§ **GOAL OF THE EXERCISE**: Once you reach the line with "bobbi brown beige" below, copy each line exactly, stopping after the line with "Arizona Turquoise &", and skip any pictures.

§ **INFORMATION SUPPLIED**:
>>>>>

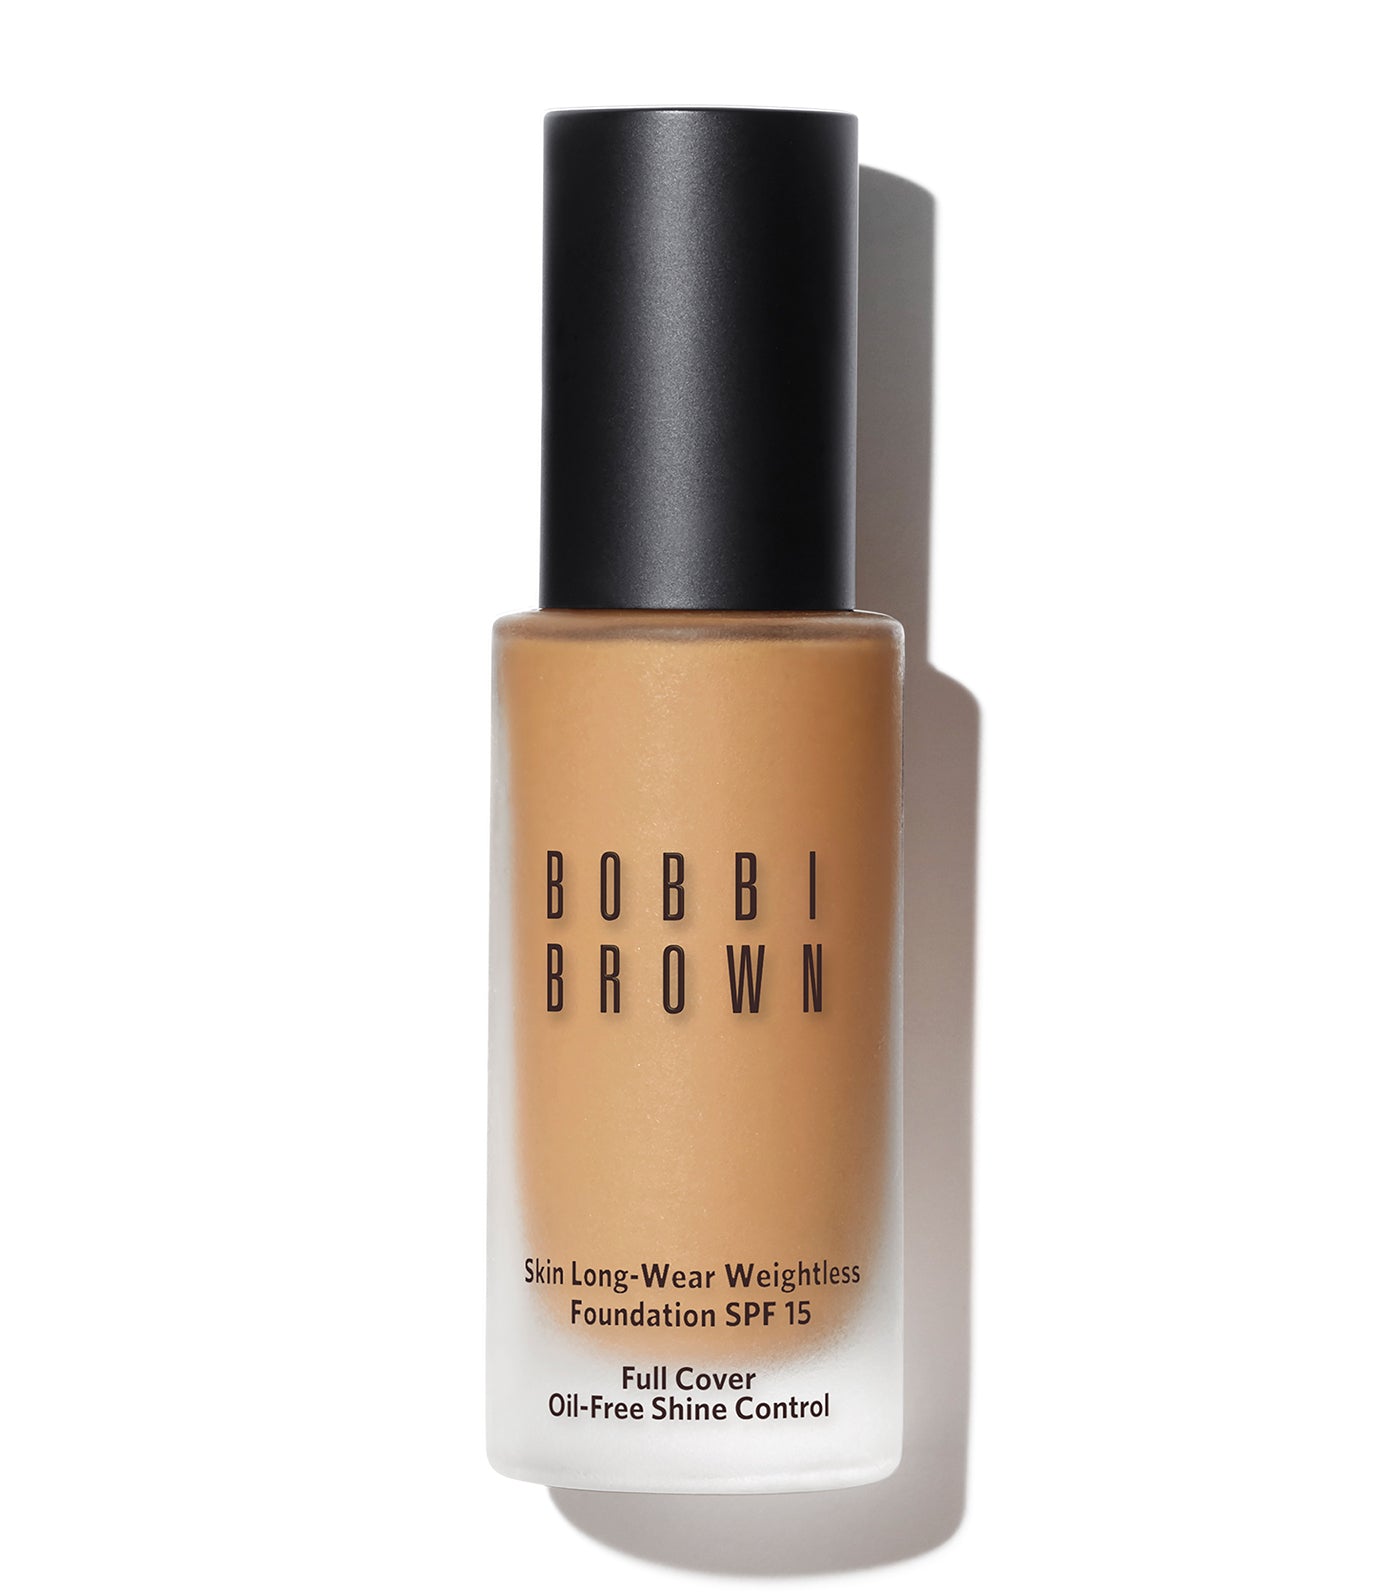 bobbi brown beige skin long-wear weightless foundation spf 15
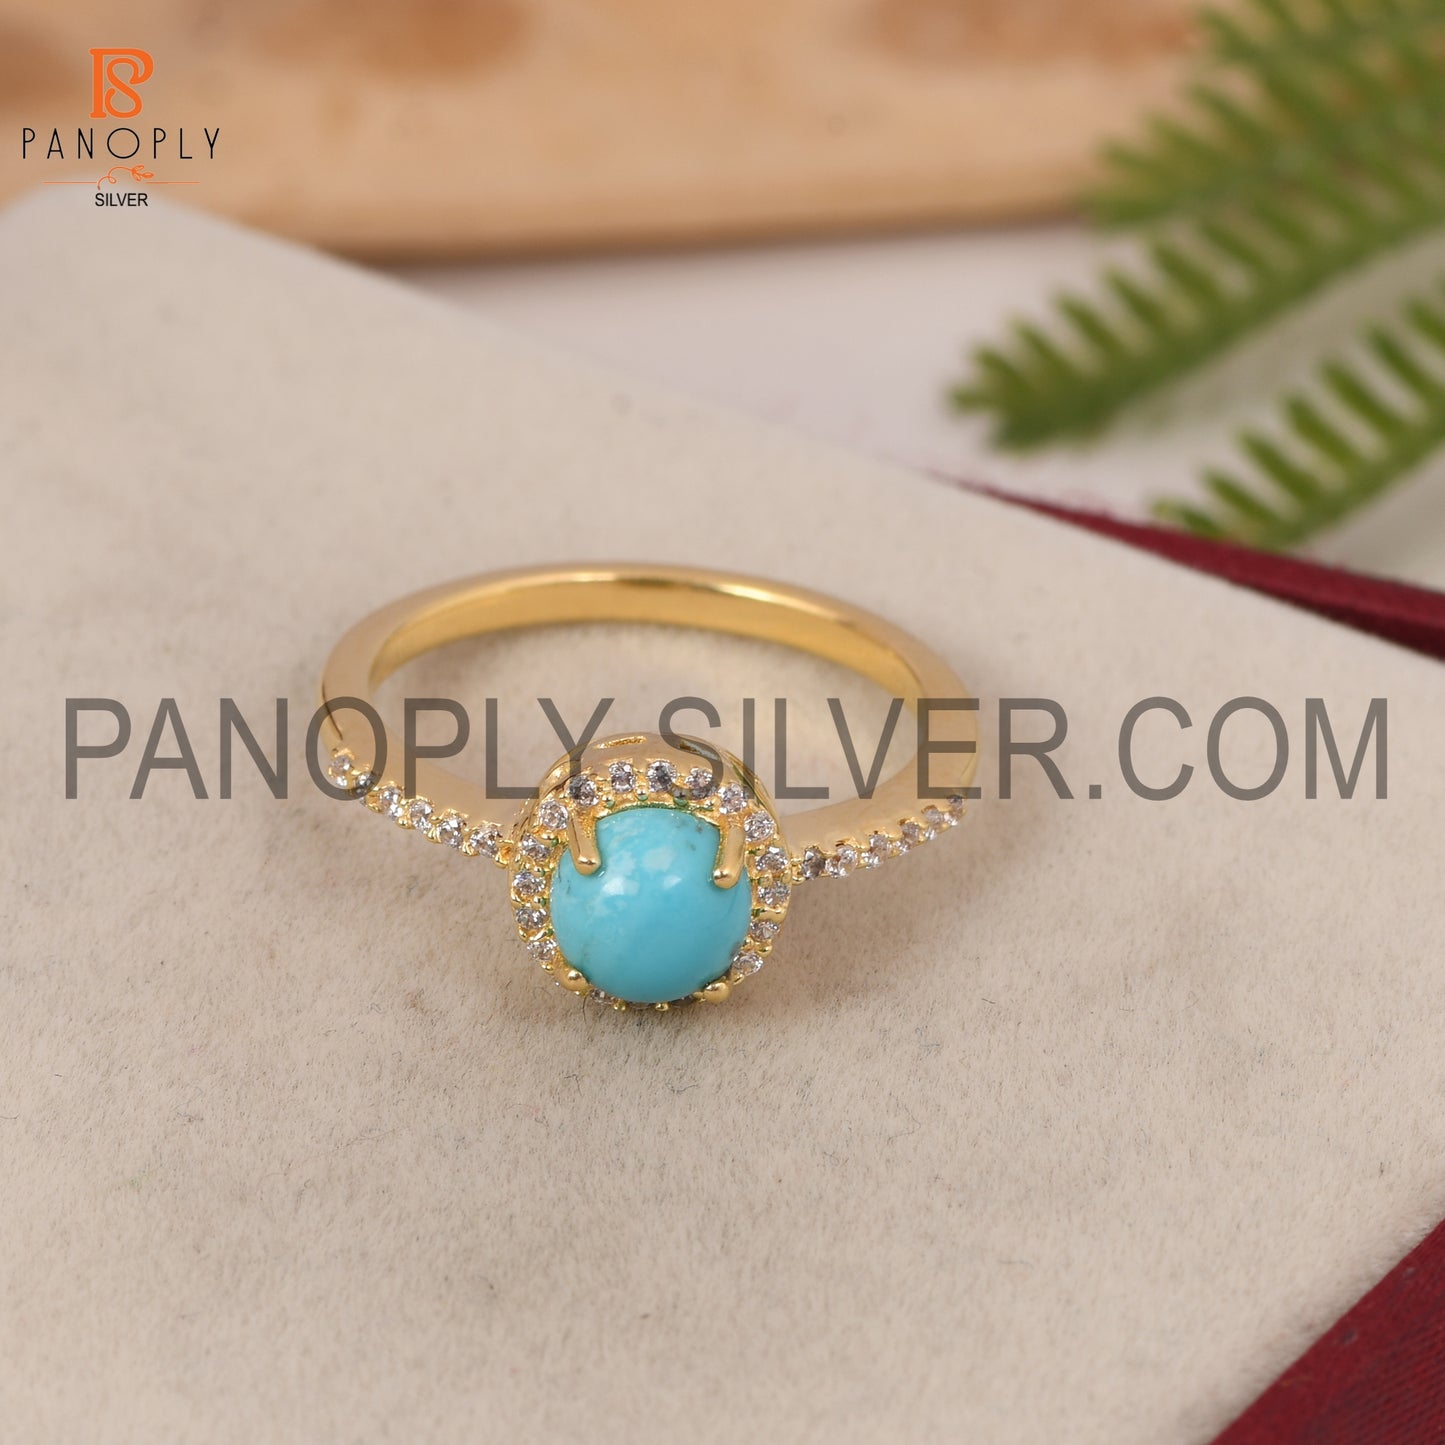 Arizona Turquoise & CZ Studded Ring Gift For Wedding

<<<<<
>>>>>

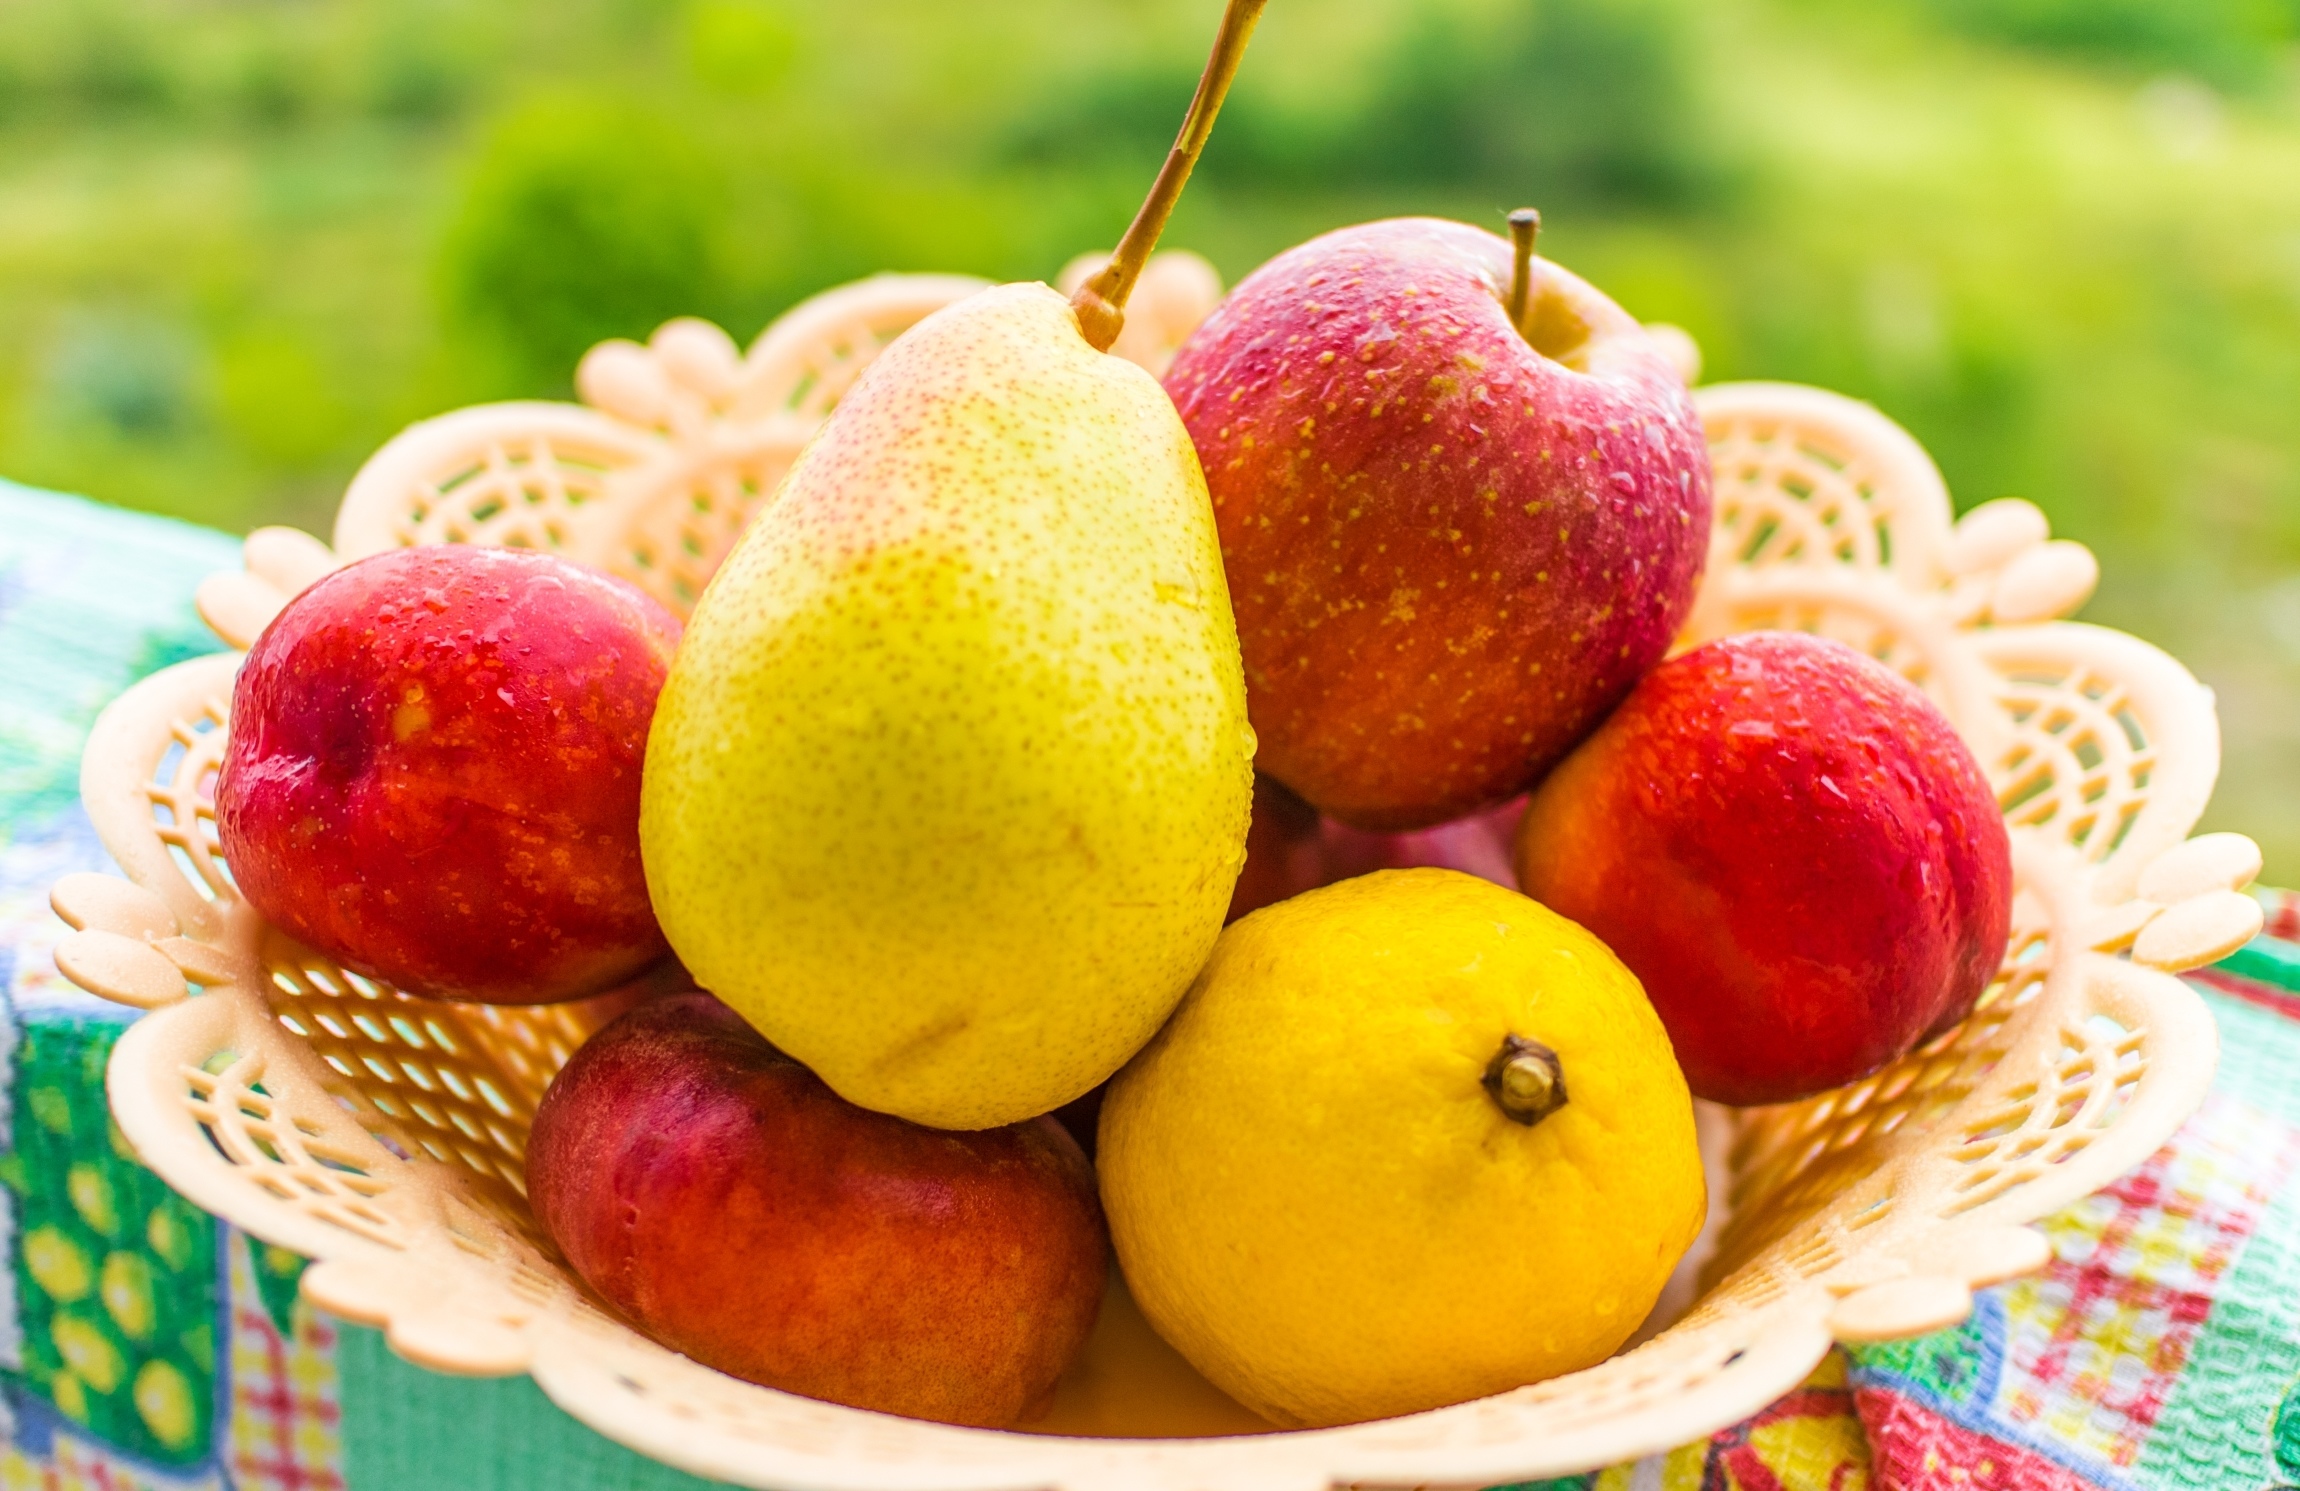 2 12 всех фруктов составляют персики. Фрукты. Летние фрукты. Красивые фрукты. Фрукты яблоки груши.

<<<<<

§ **OUTPUT**:
 bobbi brown beige skin long-wear weightless foundation spf 15
 Arizona Turquoise & CZ Studded Ring Gift For Wedding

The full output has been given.